The dream of cryptocurrencies is in danger of imploding along with their value. If the crypto coin that supports the whole market goes under it could drag the entire system down with it. That coin is called Tether
Why this story?
It’s been like watching one of those failed rocket launches. For years, cryptocurrencies have shot upwards almost vertically. Some of us have gawped at the spectacle, some have scrambled to get on board. Either way, the roar of their value rising and the sight of them leaving other asset classes earth-bound has been captivating. And then, just as the rocket was about to escape the atmosphere, a flash and a deafening explosion: is that the end of the mission? Or is the problem fixable, Houston?
For a year at Tortoise we’ve been investigating one cryptocurrency, Tether. It has a particular, enormous role in the crypto world. It’s meant to be an endless piece of string, tying itself to the physical world of cash through the apparently simple device of keeping a dollar, or a dollar equivalent, in the bank for every dollar’s-worth of Tether it issues. It’s pegged – tethered – one-to-one and, because of that, it’s become the on-ramp for people getting on board the crypto rocket and the off-ramp for cashing out.

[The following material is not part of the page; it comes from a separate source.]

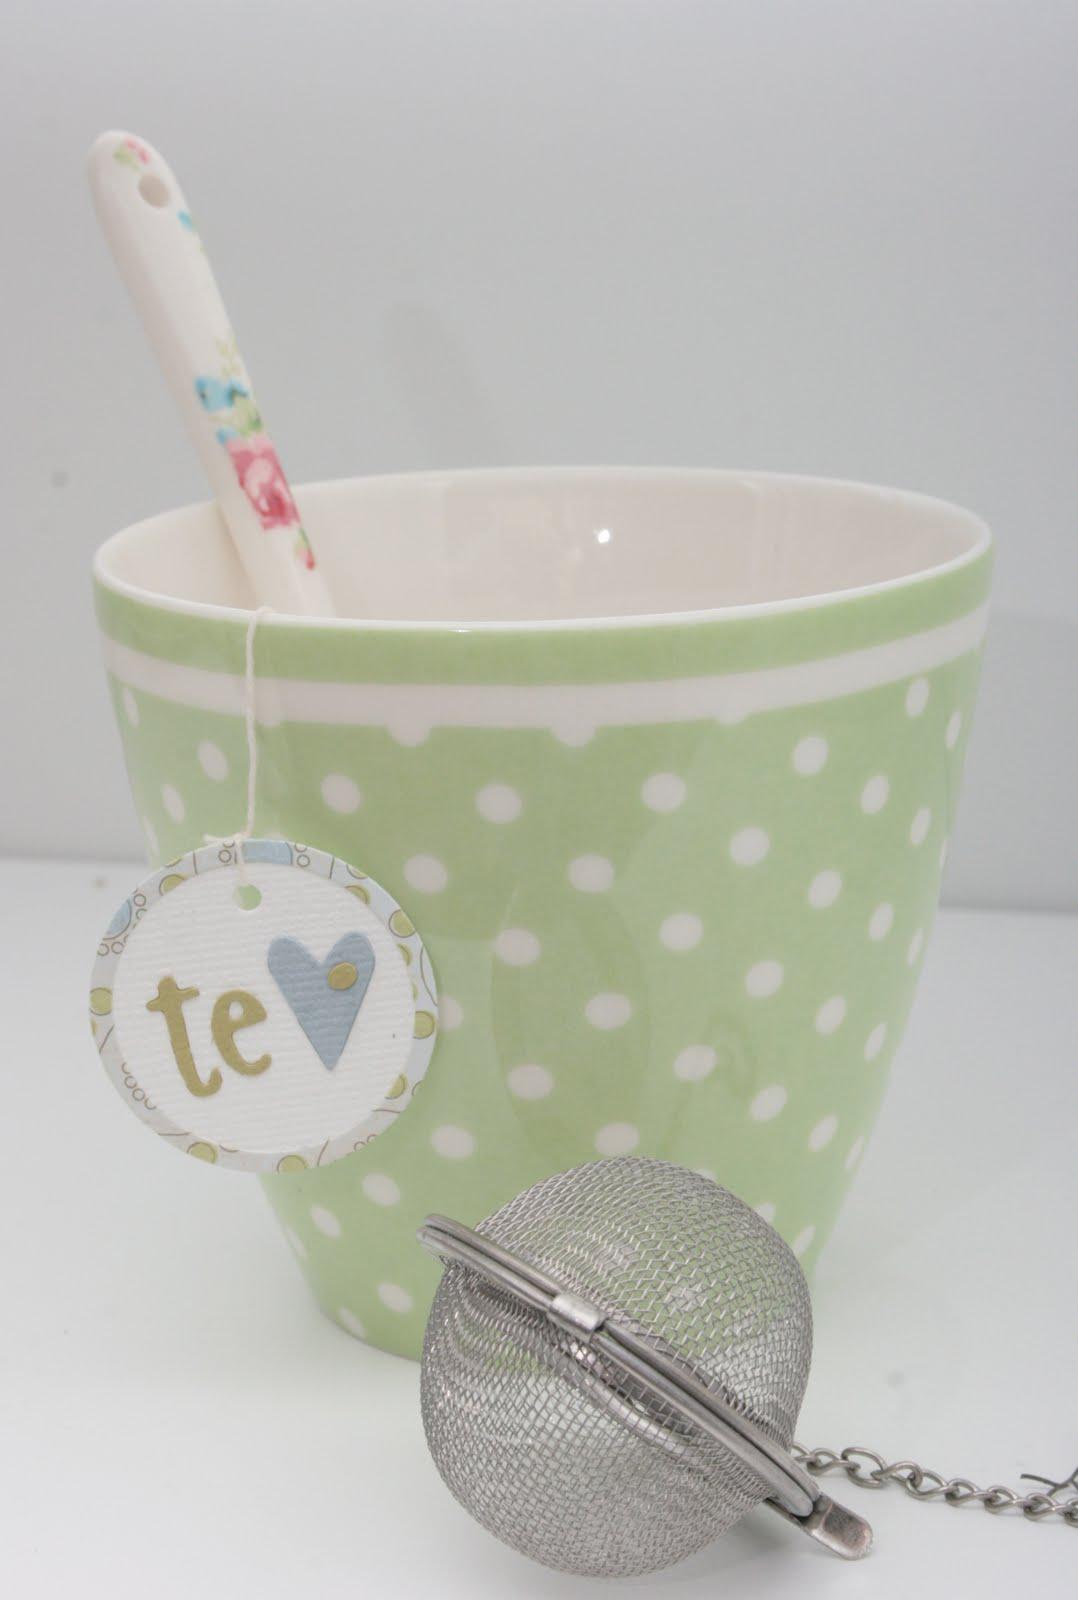 Tea Time On Pinterest Teas Tea Cups And Tea Sets

Only, like so much else in the crypto world – as we discovered when Sam Bankman-Fried’s FTX/Alameda empire collapsed – it has so far failed, or refused, to abide by established financial rules. It’s never been audited, never issued a proper set of accounts. In a world which often describes itself as trustless (you don’t have to trust governments, you don’t have to trust banks if you’re an investor in cryptocurrencies) you do, apparently, have to trust Tether – blindly.
But can we? Why would we? We’ve been investigating the people who set up Tether and talked to the people who run it now. We’ve checked in with their bankers past and present and their critics, all in an attempt to trace the cash Tether should have in the bank. There’s nothing orthodox about the people who run Tether or the way that it’s run, and that rings alarm bells. Because if, one day, that distant flash high in the sky is the sight of Tether exploding it really could be the death-knell for the dream of exploring a new financial world.
How we got here
Around the time we began investigating Tether, one Bitcoin was worth more then $68,000 and Sam Bankman-Fried’s FTX/Alameda empire (Sam, the acceptable, mainstream face of cryptocurrencies) was on a very public roll. This week, the price of a Bitcoin crept back above $20,000 for the first time in a while and Sam Bankman-Fried maintained his innocence against charges of “epic fraud”. Sometimes, in the course of a long investigation, the story ambles away from you; sometimes it races in your direction.
It was a pie chart which first caught our eye. Under pressure to publish a full set of accounts to prove its claim that it had a dollar, or its equivalent, in the bank for every dollar’s worth of Tether it issued, the owners of Tether published a pie chart instead, in May 2021, with just four thinly-labelled slices.
It felt like taking the mickey, or maybe worse than that: two fingers to anyone who suggested that this pioneering, buccaneering outfit should play by traditional financial rules. Tether was to be trusted, not because it had proved its trustworthiness, but because it was the keystone of a cryptocurrency system which was making too much money for awkward questions to be asked.
We didn’t trust it. And the more we looked at the people behind Tether – a former child actor-turned crypto entrepreneur, a one-time plastic surgeon, a mysterious Dutch man who seems to have scraped every mention and image of his name and face from the internet – the less trusting we became.
Even now, with the rest of the cryptocurrency world wobbling all around it after a long ‘crypto winter’ and the collapse of FTX, Tether still refuses to publish its accounts, or even to commit to a date when it will. But FTX shows that when you’re handling other people’s money – $72 billion worth of it in Tether’s case – proper accounting matters. Without it the risks are enormous.